Kings win that one 138-135 in double overtime. All right. Elsewhere, the Jazz hosting the Pistons. Jalen Duran -- huge dunk over Walker Kessler. And then he just kind of rides Kessler up the court. Take another look. So, Duran just wanted a piggyback ride, I guess, but Kessler wasn't having it maybe because he's six foot-ten, 250 pounds.

This was another one of those high-scoring games. Lauri Markkanen, coming through for the Jazz in the clutch hitting this three with under five seconds to go, gave Utah the lead. But that was just enough time for Detroit's Alec Burks to go the length of the floor. And he hit a three at the buzzer to force overtime in this game. The Jazz, though -- they did pull away in that extra period to win 154-148.

All right. And finally, 16-year-old Luke Littler feeling the love from the fans as he looked to become the youngest-ever World Darts champion. Littler had beaten two world champions en route to the title match. And during his magical run at the tournament he had said he did the same thing every day, including eating an omelet for breakfast and pizza for lunch.

He actually led 4-2 but world number one Luke Humphries proved to be too much.

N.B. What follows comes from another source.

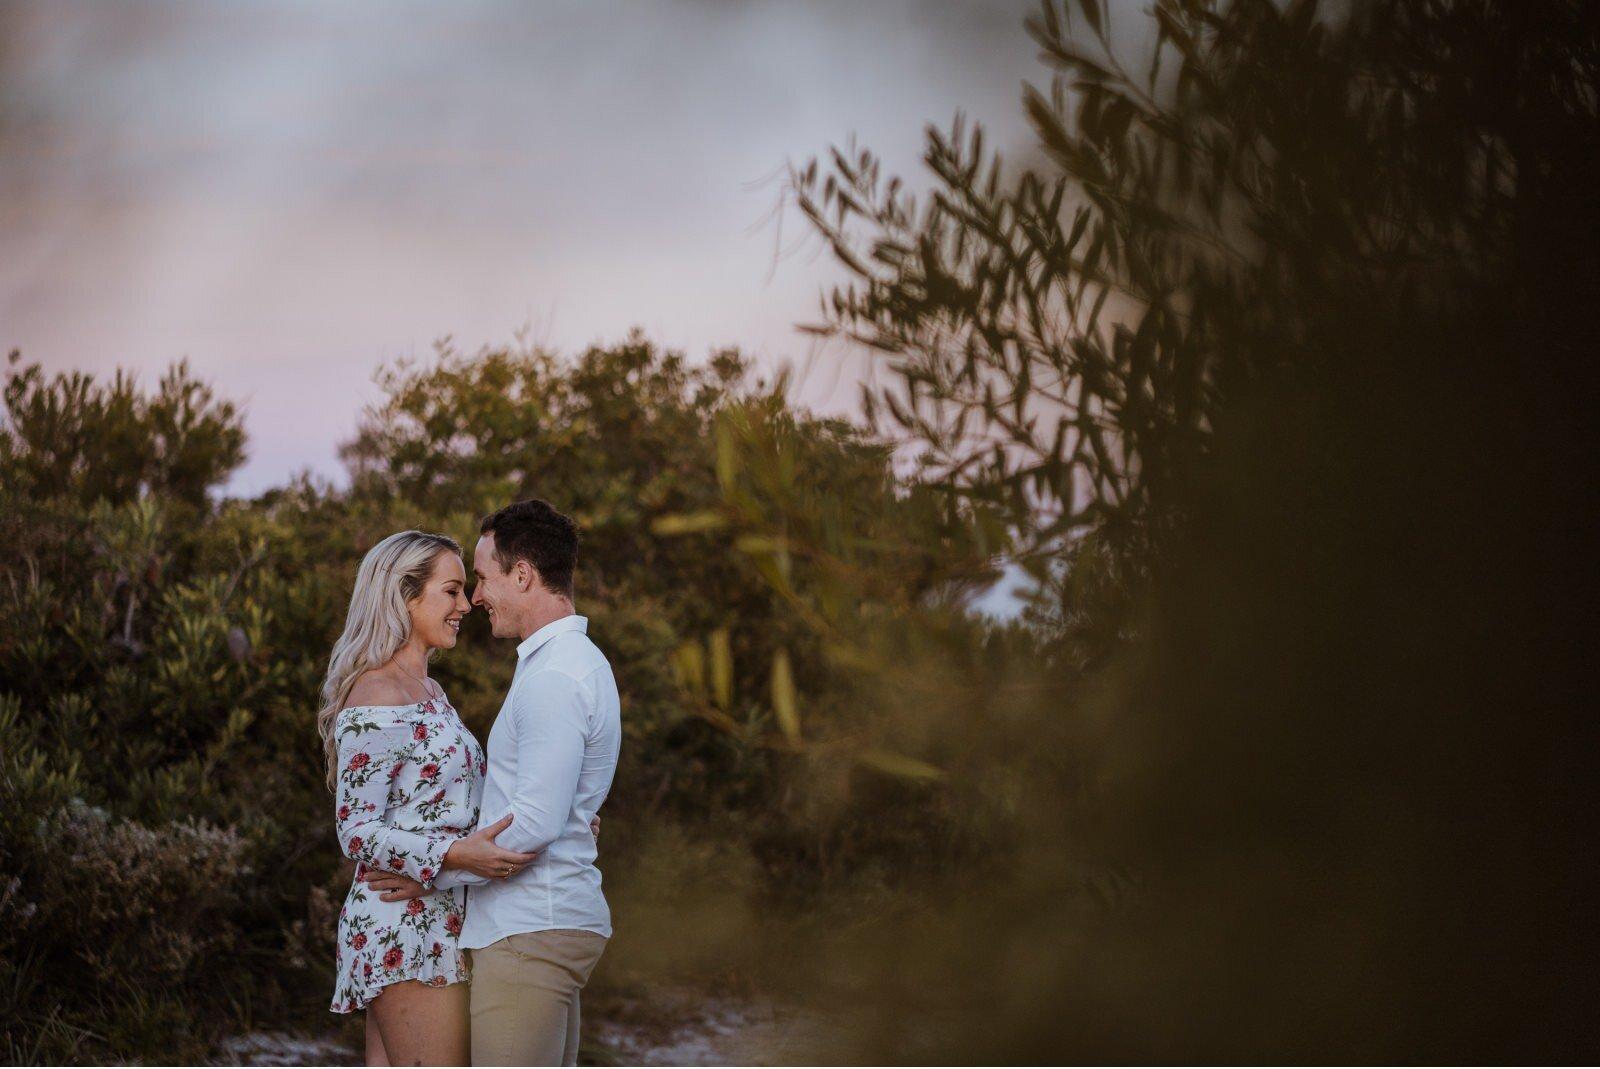 newcastle-wedding-photographer-dudley-engagement-shoot-20.jpg

Humphries claiming the world title seven sets to four.

Littler disappointed about not winning it all but was still thrilled about his incredible run.


LUKE LITTLER, WORLD DARTS CHAMPIONSHIP RUNNER-UP: It's been unbelievable. The one negative was I lost too many legs with my own throw so Luke could break me. And Luke would hold and I'd be 2-0 down. So that's the only negative. And I got to the final and I might not get to another final for the next five to 10 years. But I can say I'm a runner-up and now I just want to go and win it.



SCHOLES: Yeah. What's next for Littler, Kasie? He told Talk Sport I could potentially qualify for every tournament out there. So there's no school, no college, no nothing. It's going to be Luke Littler on the darts tour.

HUNT: I guess it's every kid's dream, right?

Andy Scholes, thank you very much --

SCHOLES: You got it.

HUNT: -- for that.

And thanks to all of you for joining us this morning. I'm Kasie Hunt. Don't go anywhere. "CNN THIS MORNING" starts right now.